A Blog by the Editor of The Middle East Journal

Putting Middle Eastern Events in Cultural and Historical Context

Tuesday, August 18, 2015

Not So Much a Cold Peace as a Quiet Peace

Just a reminder: postings will be sparse during my current two week vacation.

Jacky Hugi recently had a piece at Al-Monitor cleverly entitled "Egypt and Israel: a lover and his mistress." He led by noting the four regional countries not invited to Egypt's recent Suez Canal festivities: Turkey, Syria, Qatar, and Israel. President Sisi's government sees the first three as hostile, but it actually maintains close security and intelligence links with Israel.

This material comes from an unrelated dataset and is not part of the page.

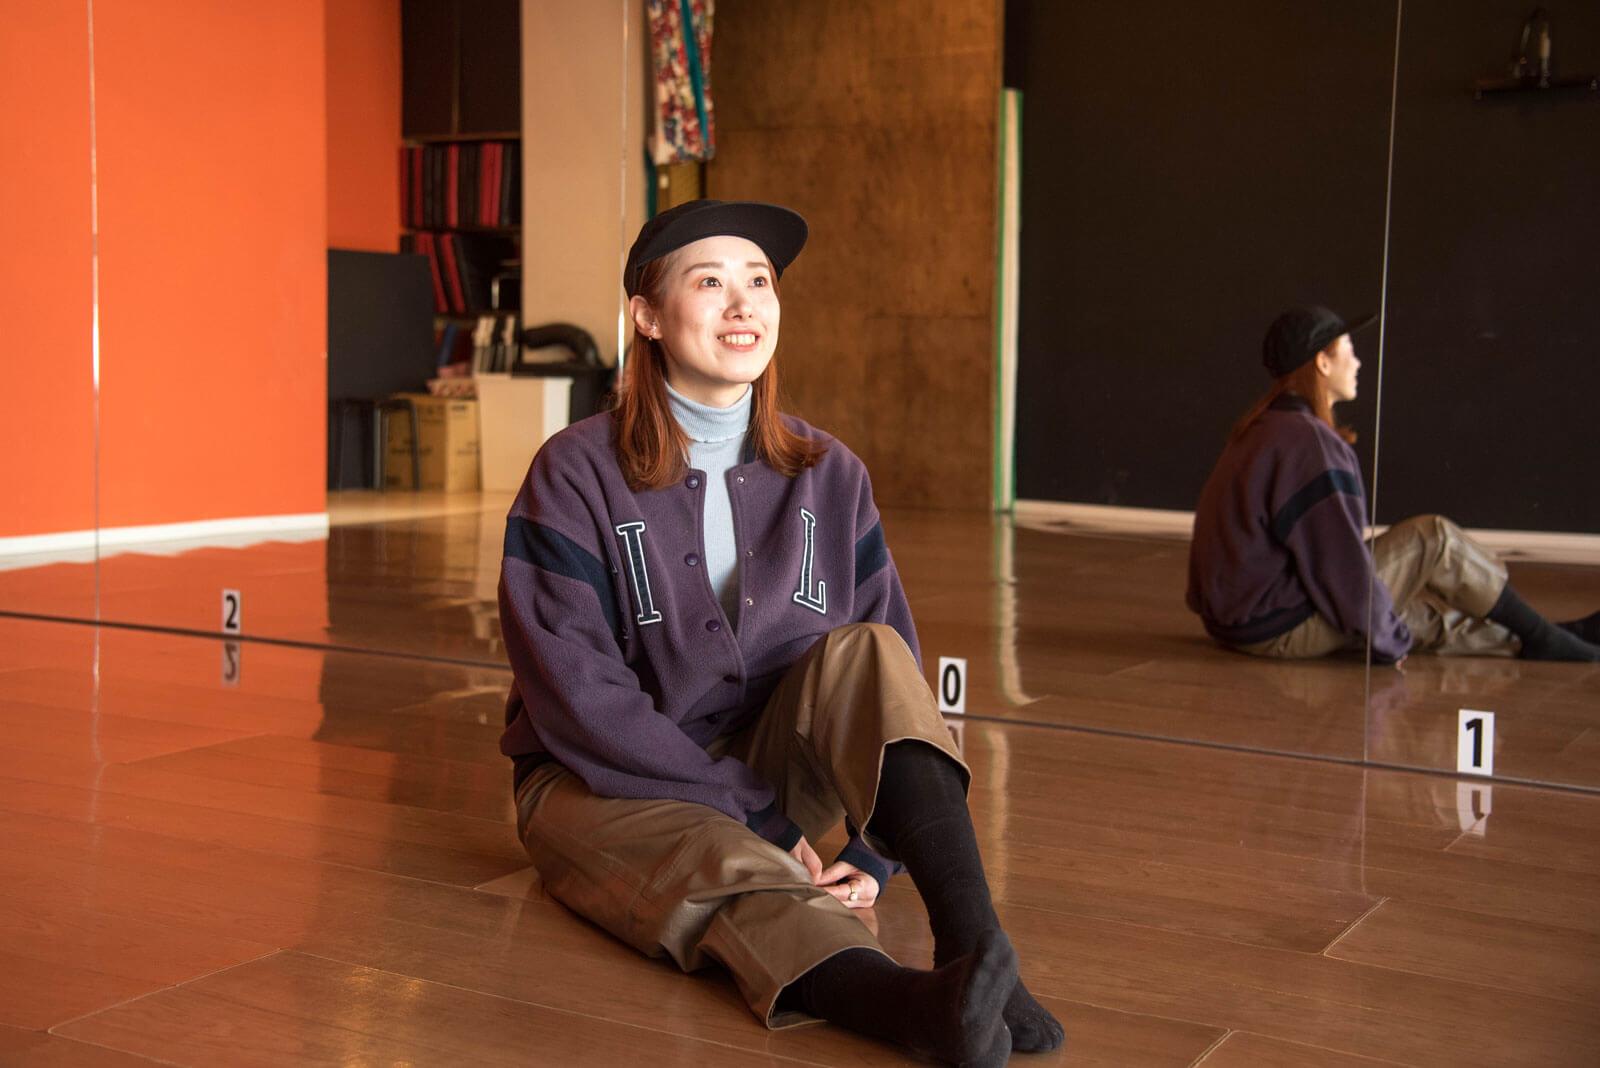 ローカルWEBメディア・地域サイト 地元サイト 草加ローカルストーリー 岡本朱里 ダンサー 坐禅 3枚目写真

While the lover and his mistress imagery only goes so far, it's also true that Egypt doesn't publicize (for a domestic audience at any rate) the closeness of its cooperation with Israel on issues such as Gaza, Sinai, and Hamas, though they're well enough known to outside players. In the early years of the peace treaty some Israelis complained of a "cold peace"; what has evolved is instead a quiet peace, hence the lover-mistress analogy.

The Jordanian-Israeli peace also generally is kept to a low profile inside Jordan. But recently both Jordan and Israel participated in the international Red Flag exercise in Nevada, and according to a military website at least, after ferrying two flights of Israeli F-15s to Spain and on to Lajes in the Azores. Israeli aerial tankers also ferried a flight of Jordanian F-16s on the same route. Again, that the two countries cooperate on security and intelligence matters is no secret, but this sort of close cooperation gets as little domestic publicity in Jordan as in Egypt.